__GOAL OF THE EXERCISE__
Without changing a word, copy every line of the listing below and leave out the images.

__THE DATA__
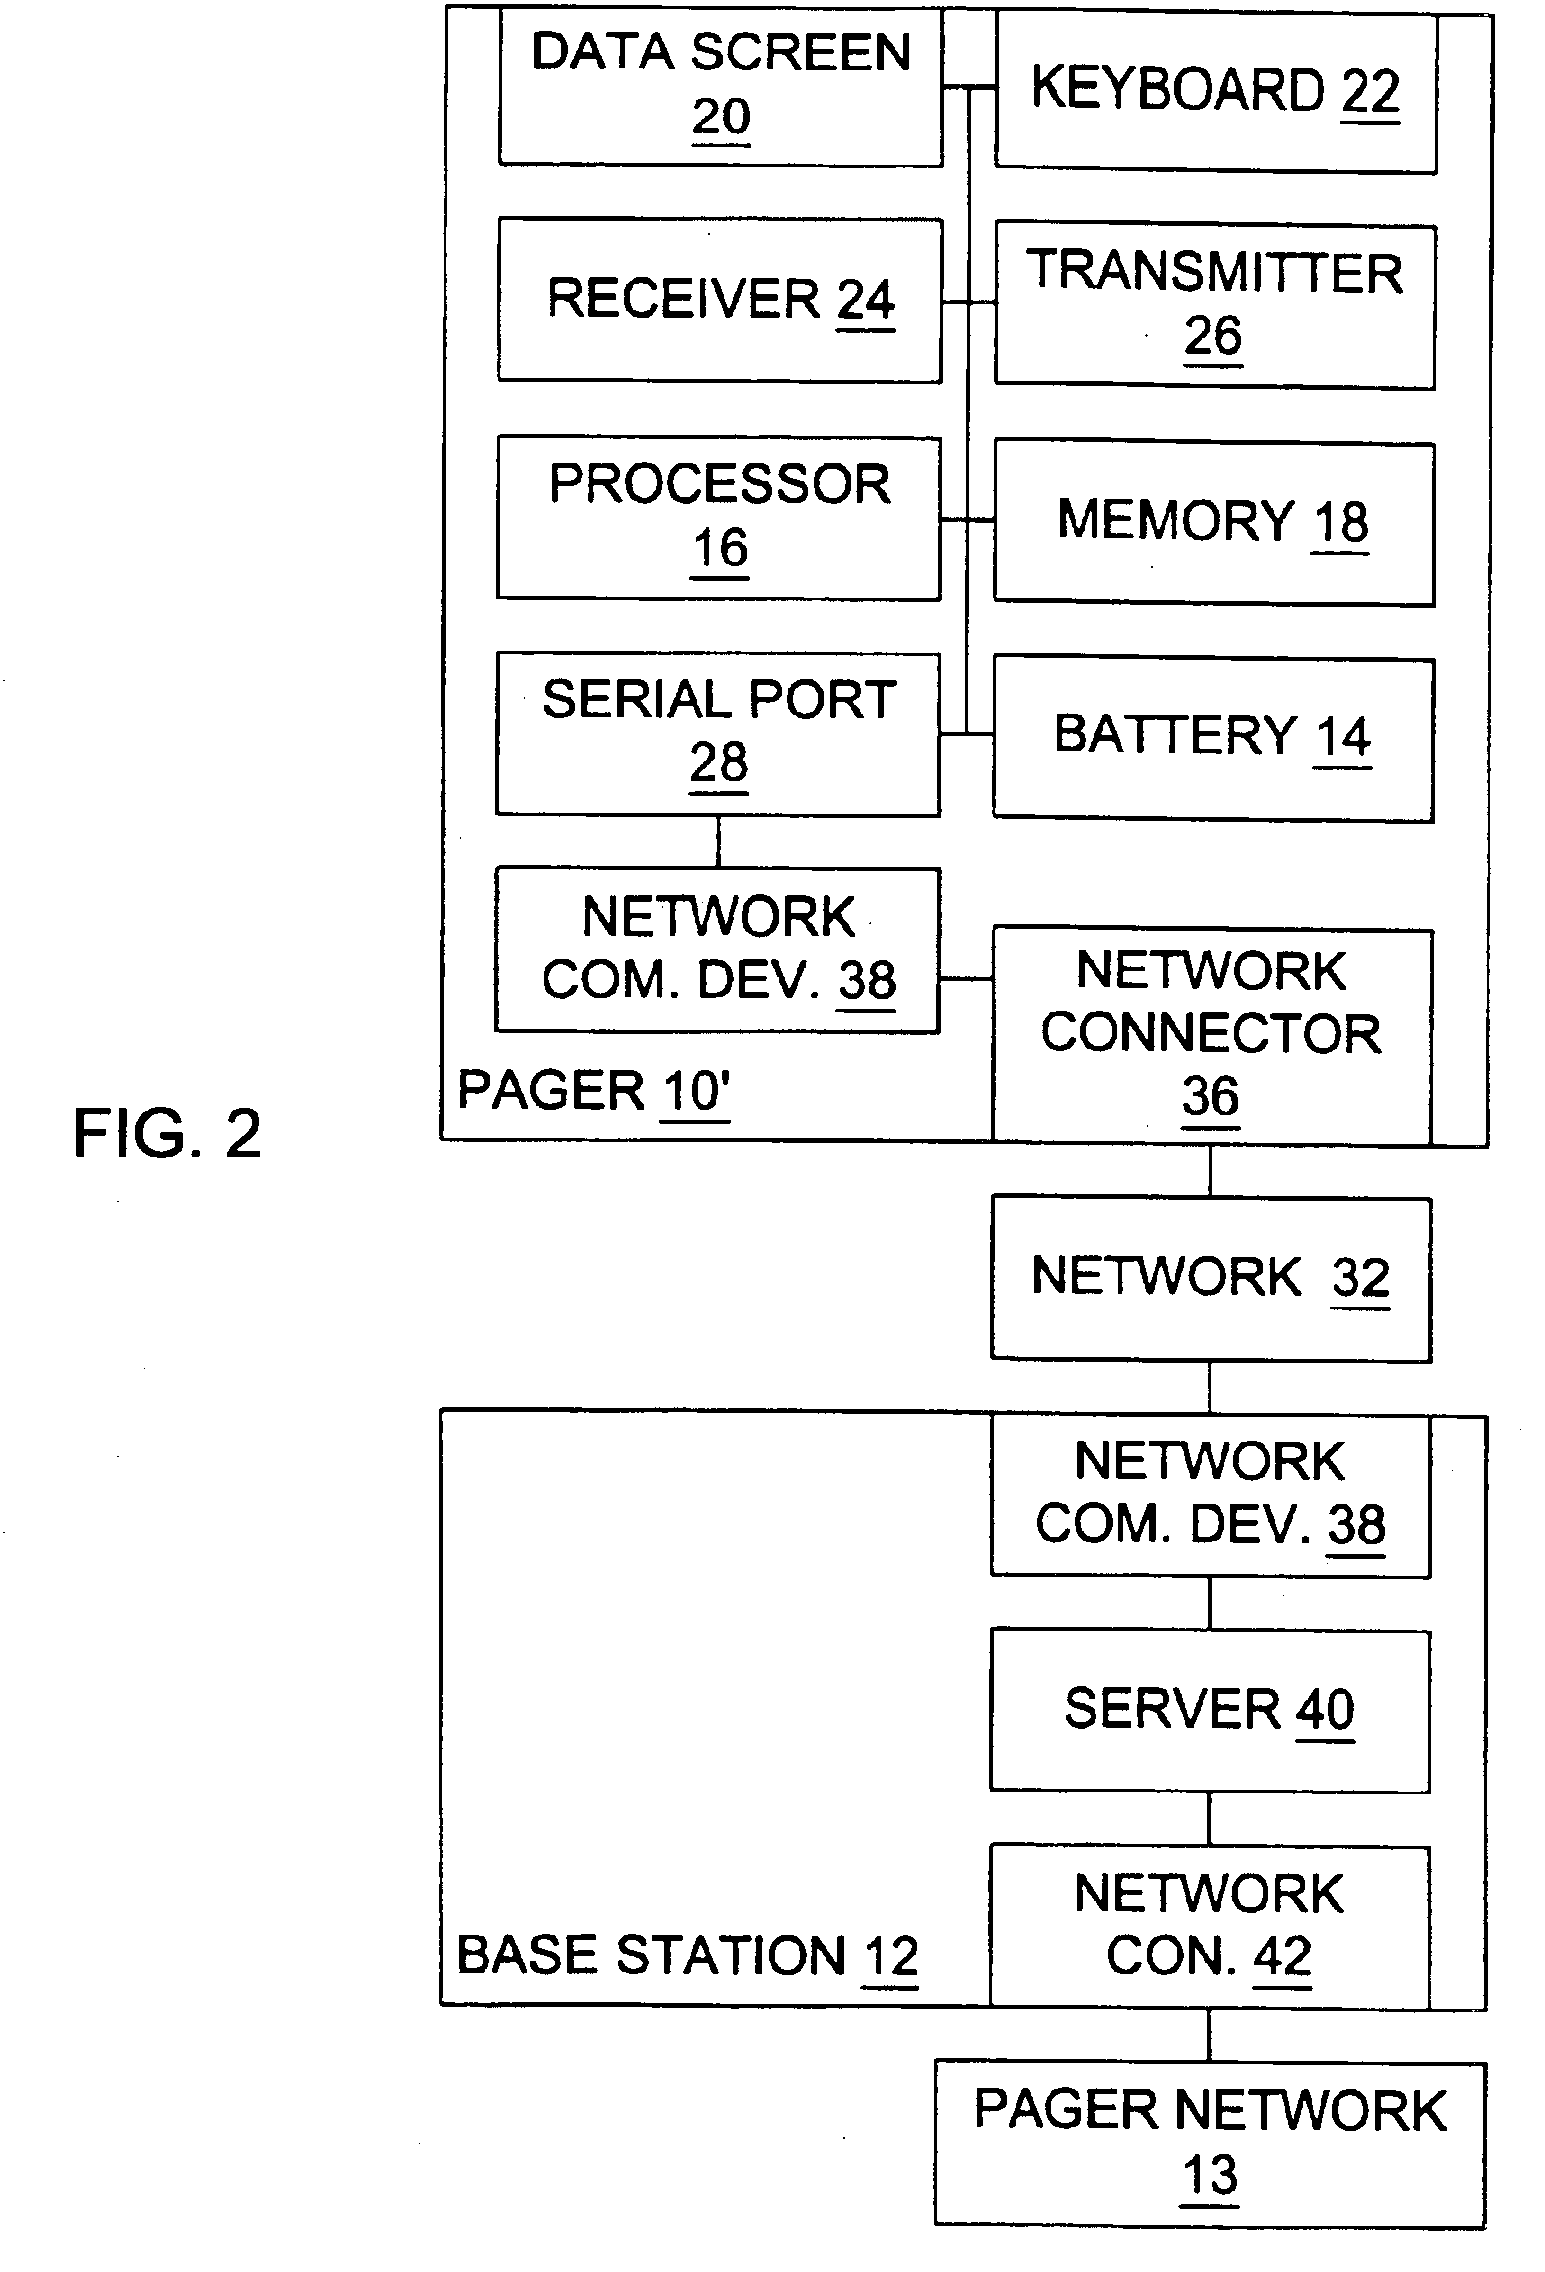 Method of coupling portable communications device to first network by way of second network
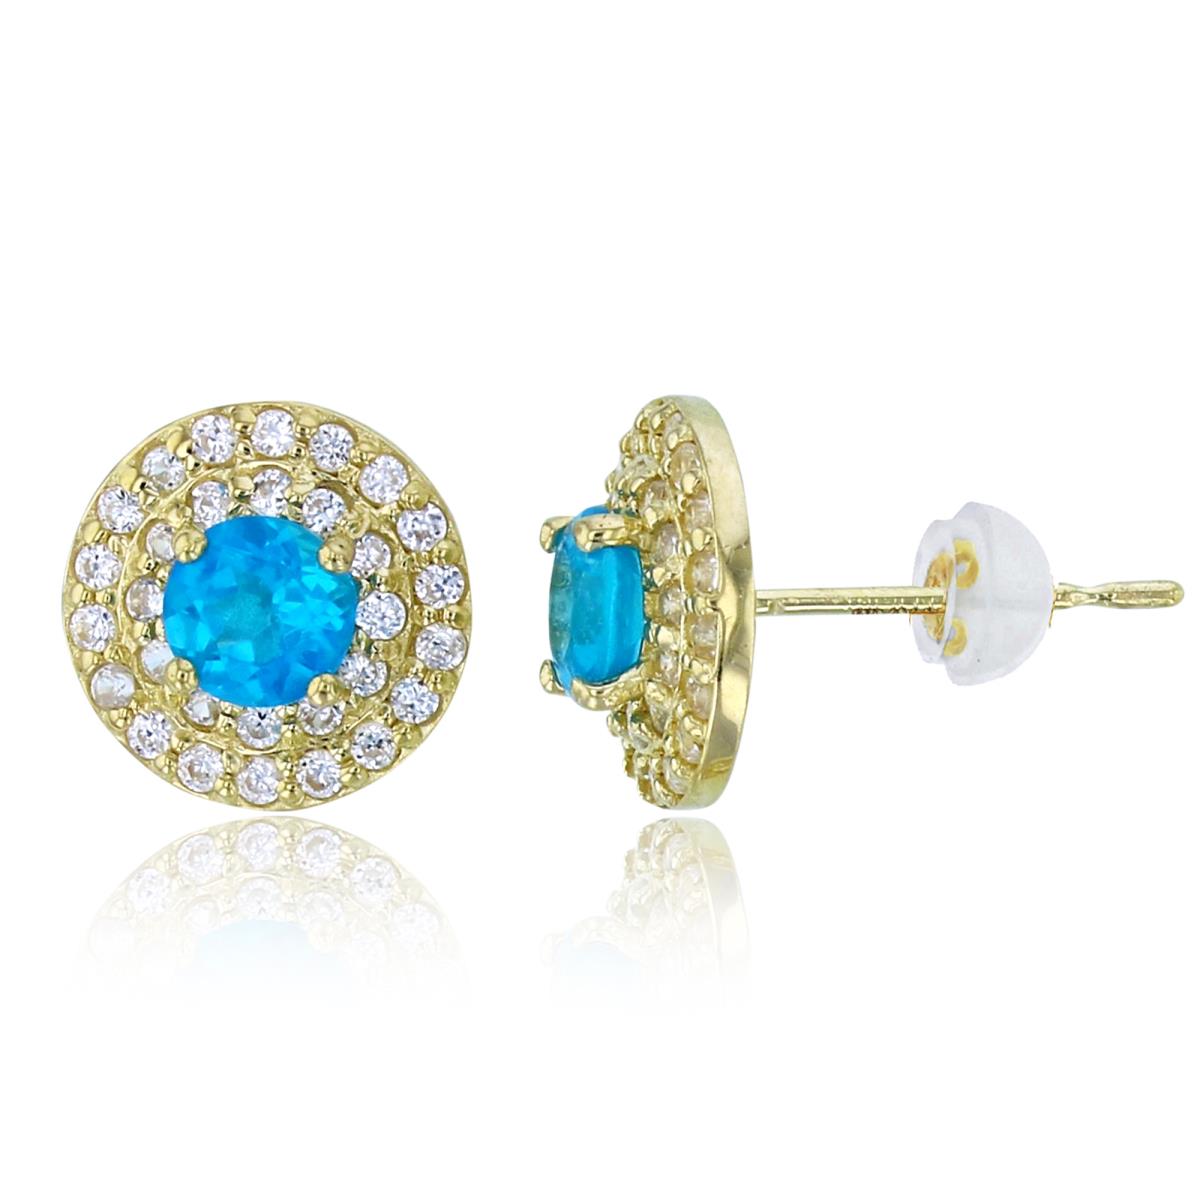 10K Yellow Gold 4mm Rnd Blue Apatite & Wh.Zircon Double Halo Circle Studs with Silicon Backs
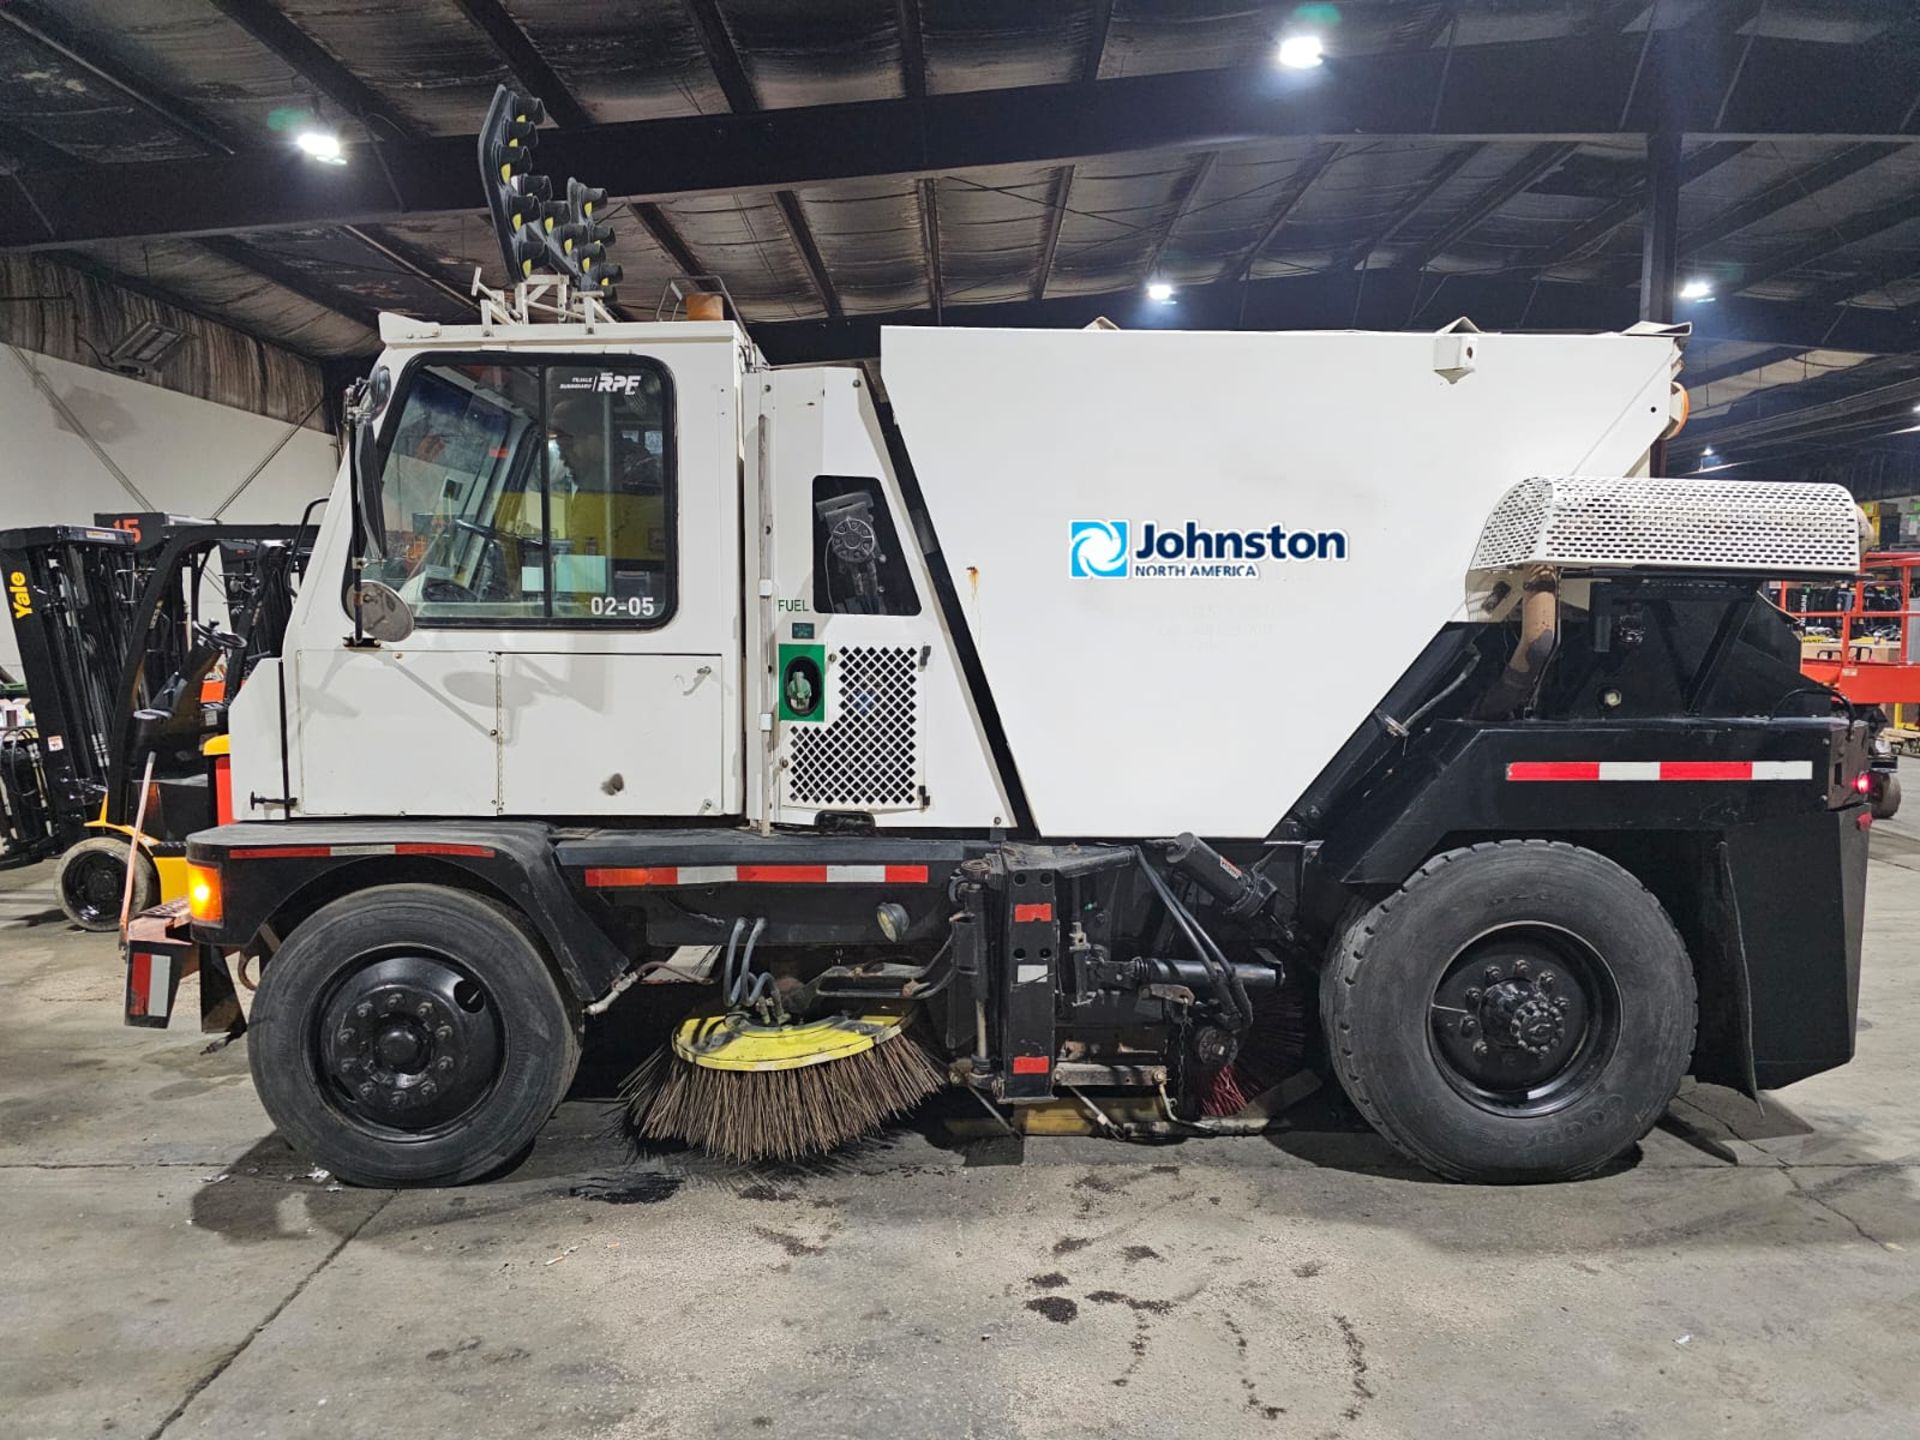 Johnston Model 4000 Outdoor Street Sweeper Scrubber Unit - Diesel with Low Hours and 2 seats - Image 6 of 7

__ANSWER TO THIS EXERCISE__
 Method of coupling portable communications device to first network by way of second network
 10K Yellow Gold 4mm Rnd Blue Apatite & Wh.Zircon Double Halo Circle Studs with Silicon Backs
 Johnston Model 4000 Outdoor Street Sweeper Scrubber Unit - Diesel with Low Hours and 2 seats - Image 6 of 7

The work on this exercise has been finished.